----- Records shown -----

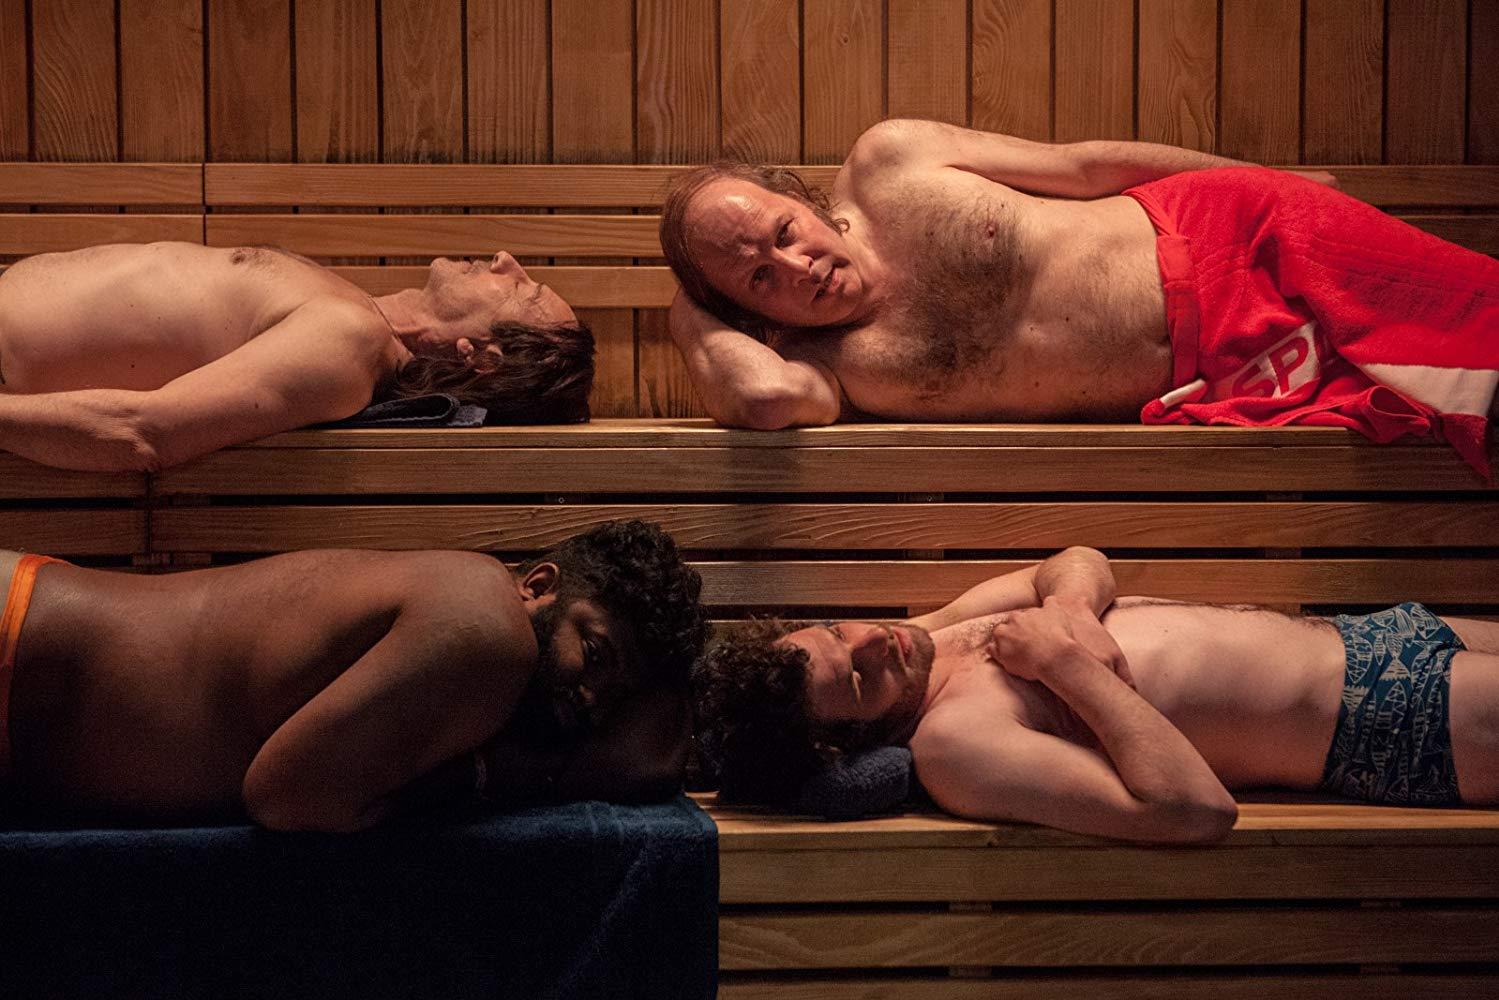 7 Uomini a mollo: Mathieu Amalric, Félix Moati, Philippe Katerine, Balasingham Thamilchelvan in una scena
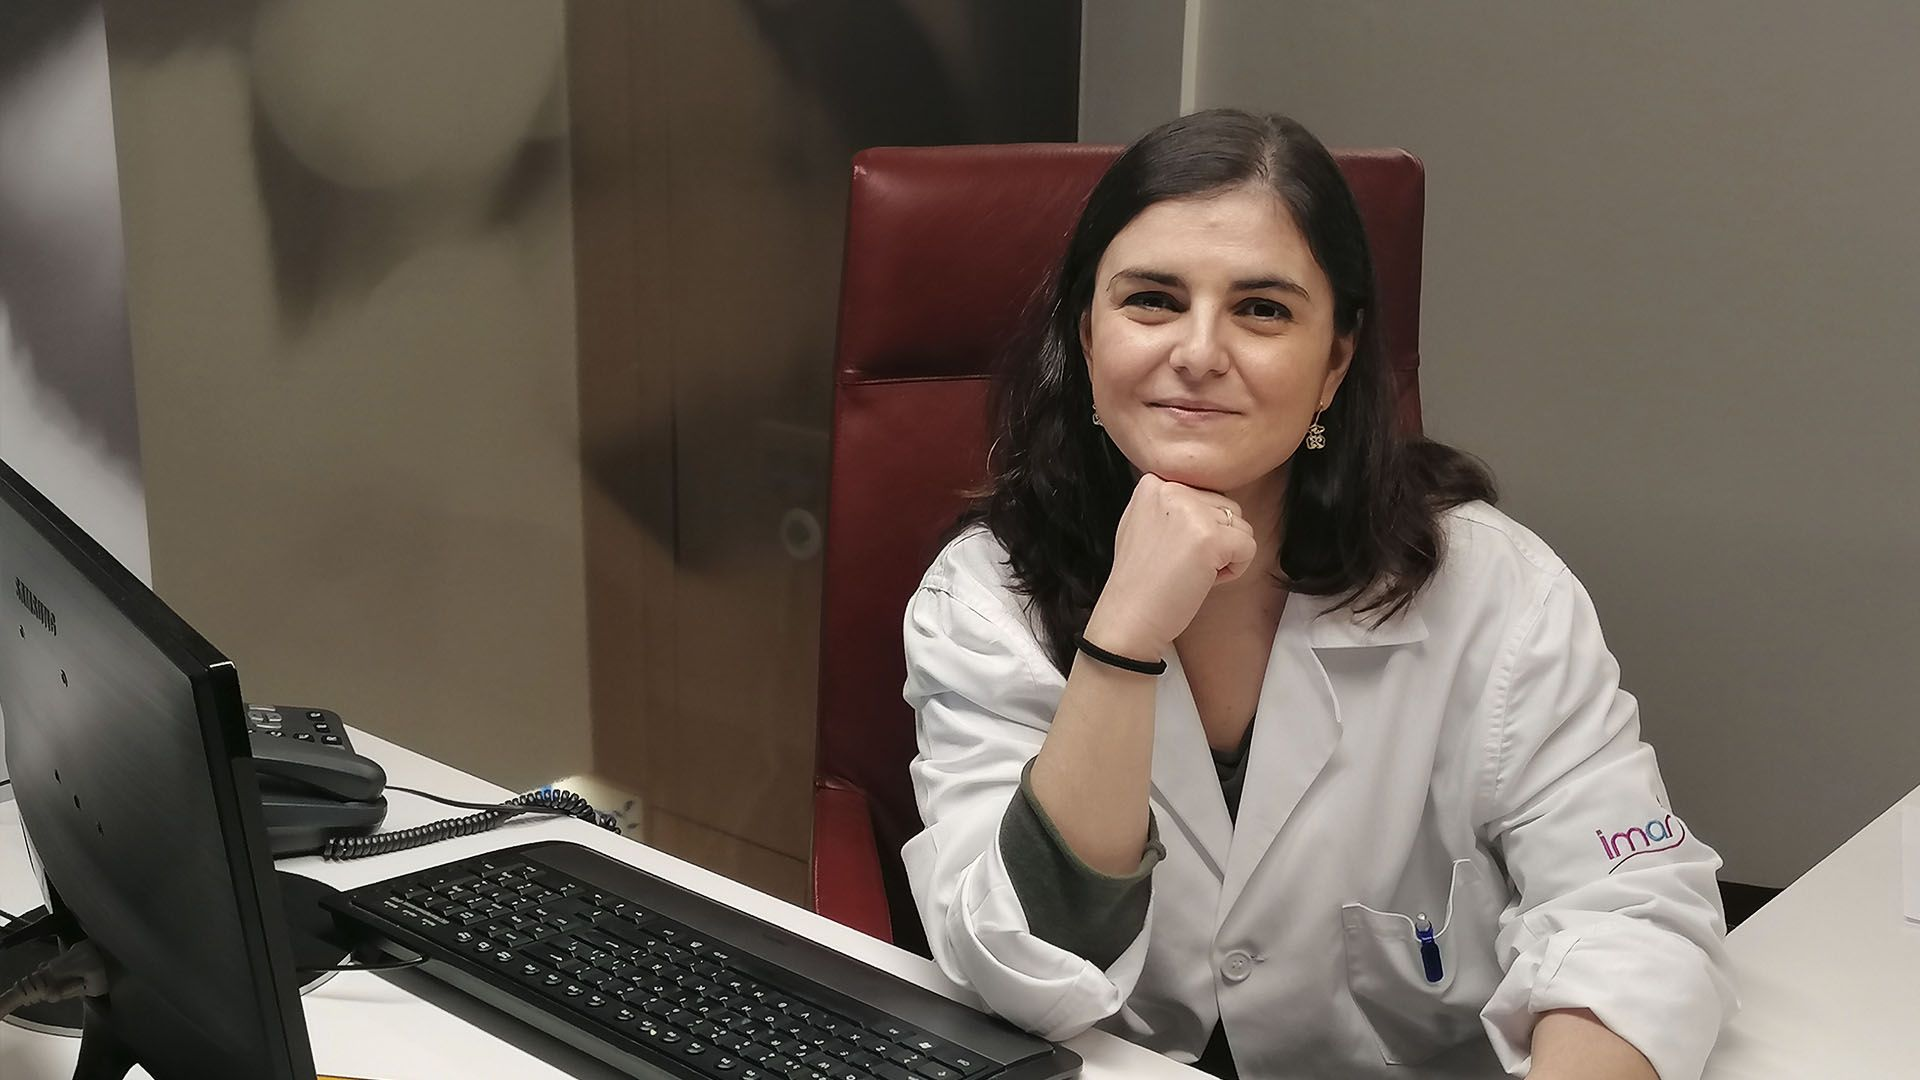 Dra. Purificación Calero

-----
----- Records shown -----

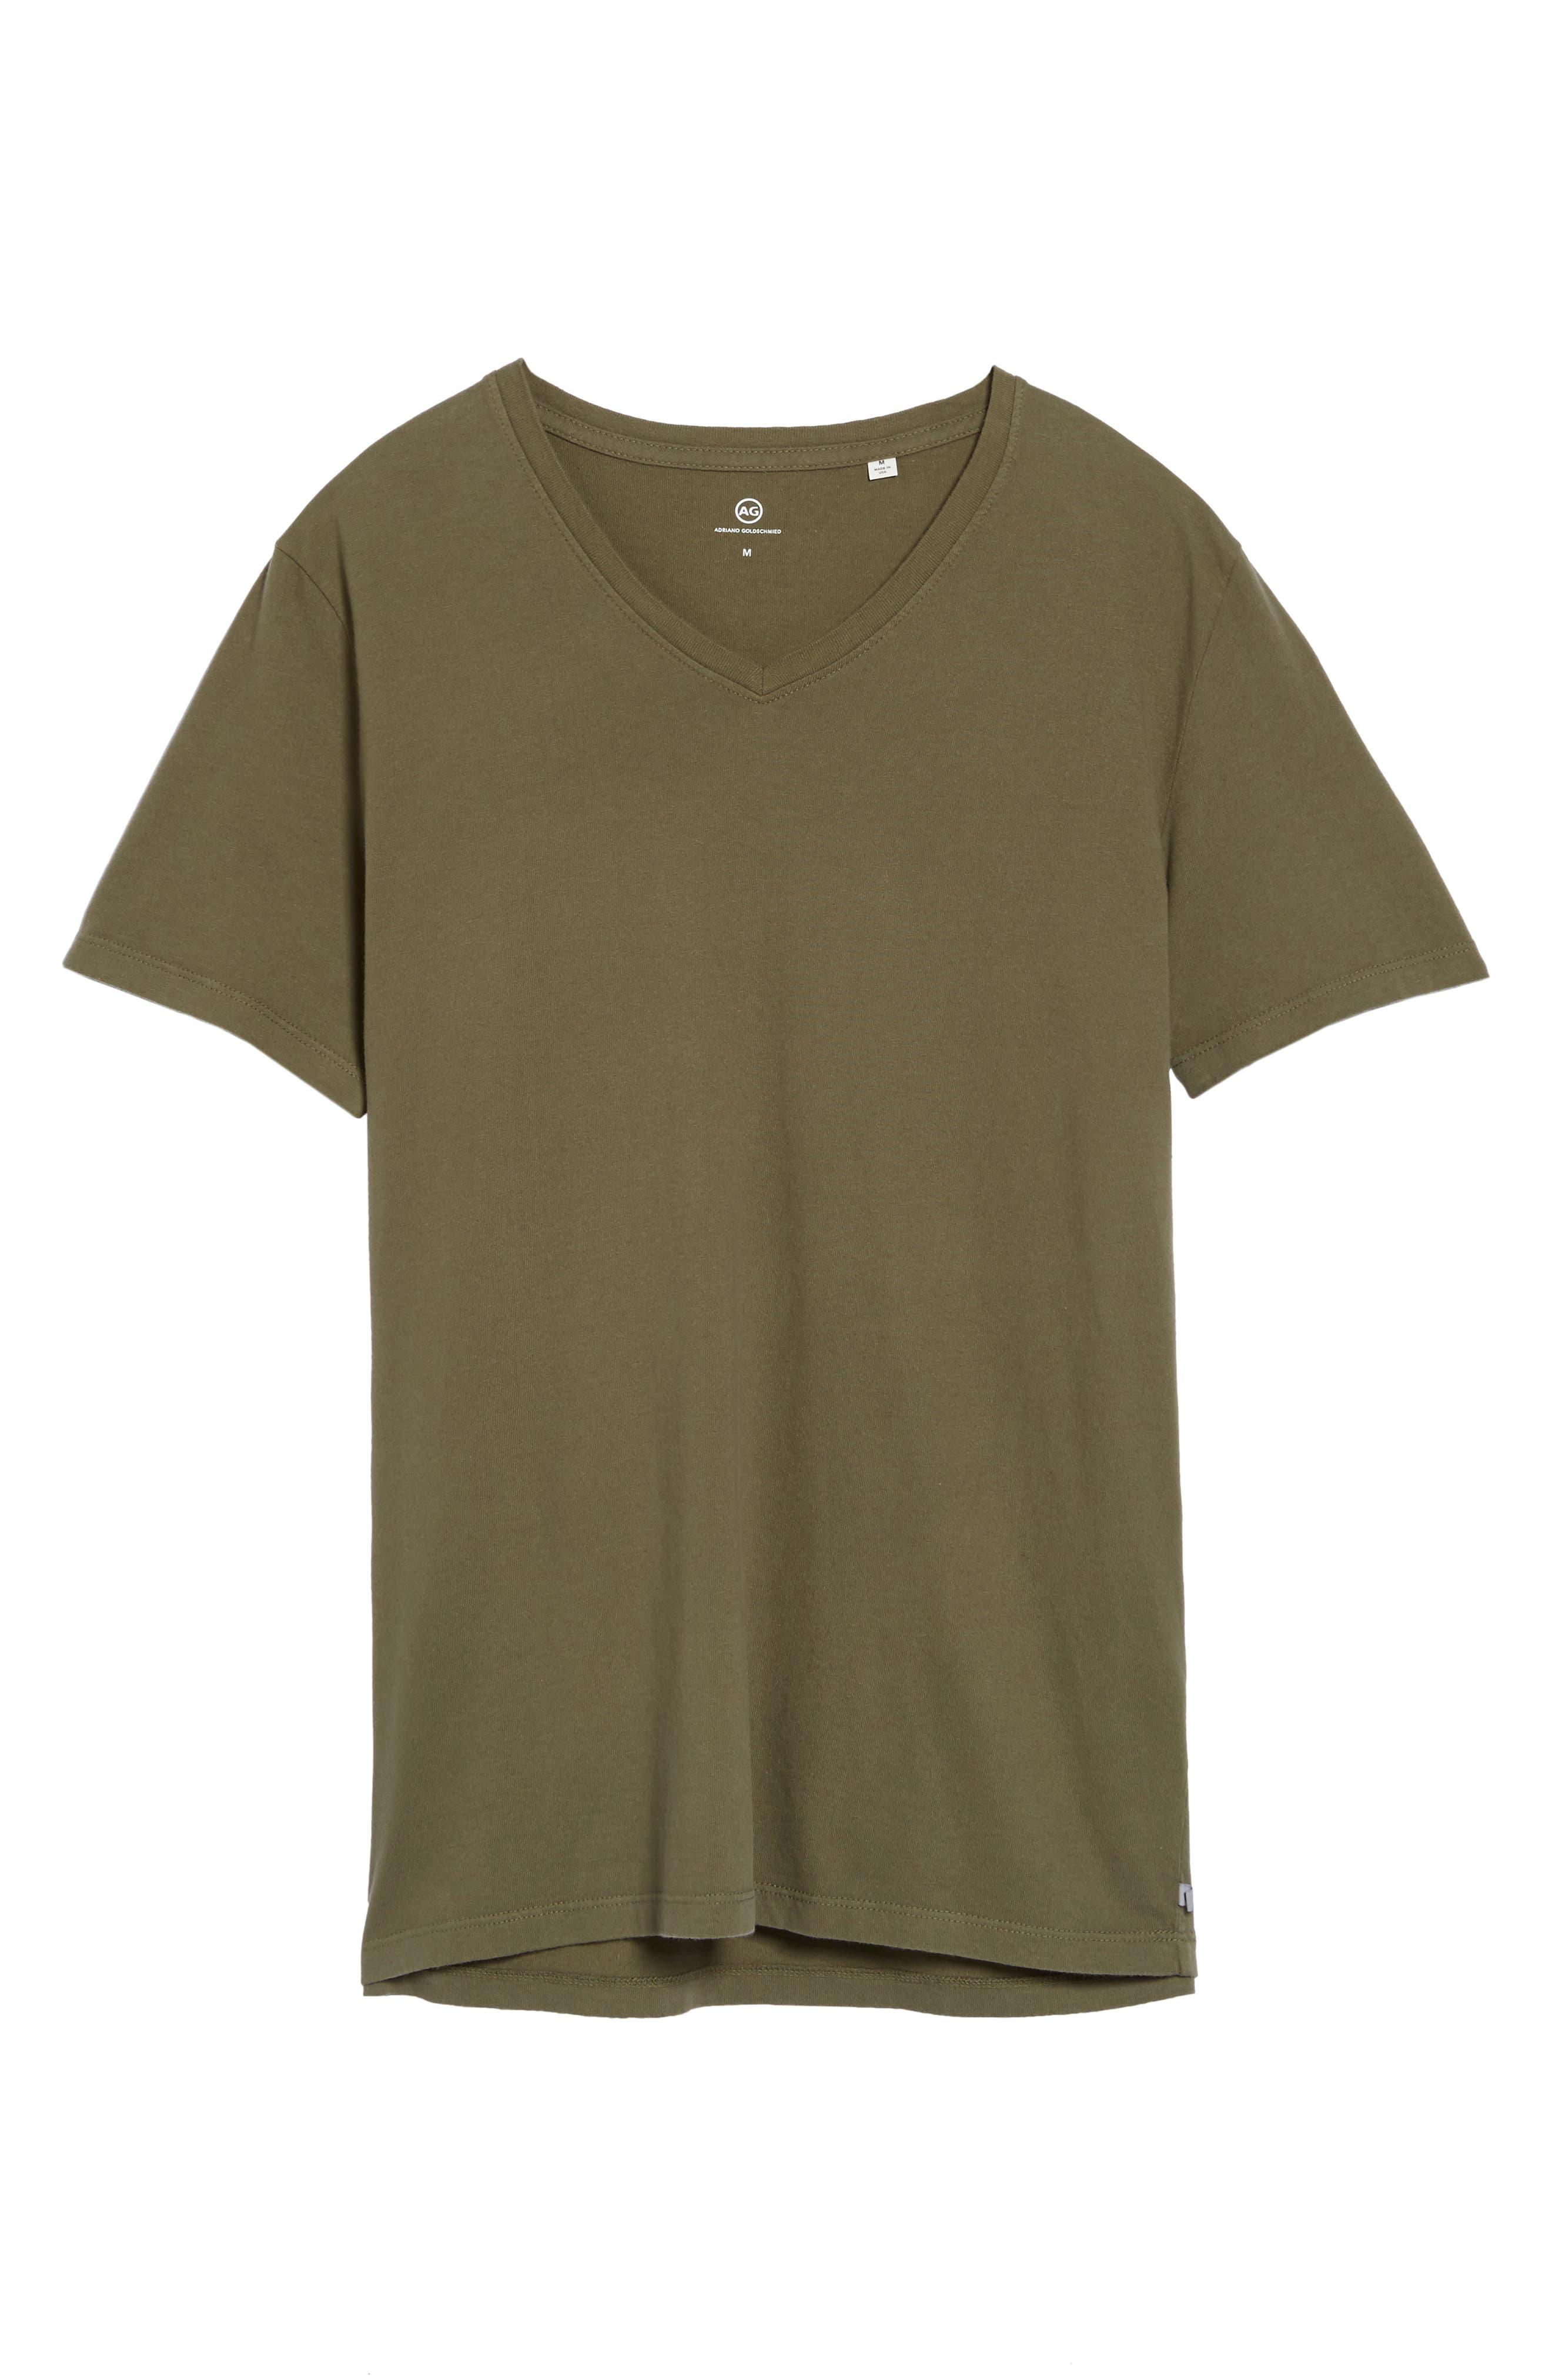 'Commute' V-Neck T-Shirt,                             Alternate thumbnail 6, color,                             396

-----

Task prompt: Print from the line containing "7 Uomini a mollo: Mathieu" through the line containing "Dra. Purificación Calero" in the data above, exactly as the lines stand, and omit every picture.

Completed task:
 7 Uomini a mollo: Mathieu Amalric, Félix Moati, Philippe Katerine, Balasingham Thamilchelvan in una scena
 Dra. Purificación Calero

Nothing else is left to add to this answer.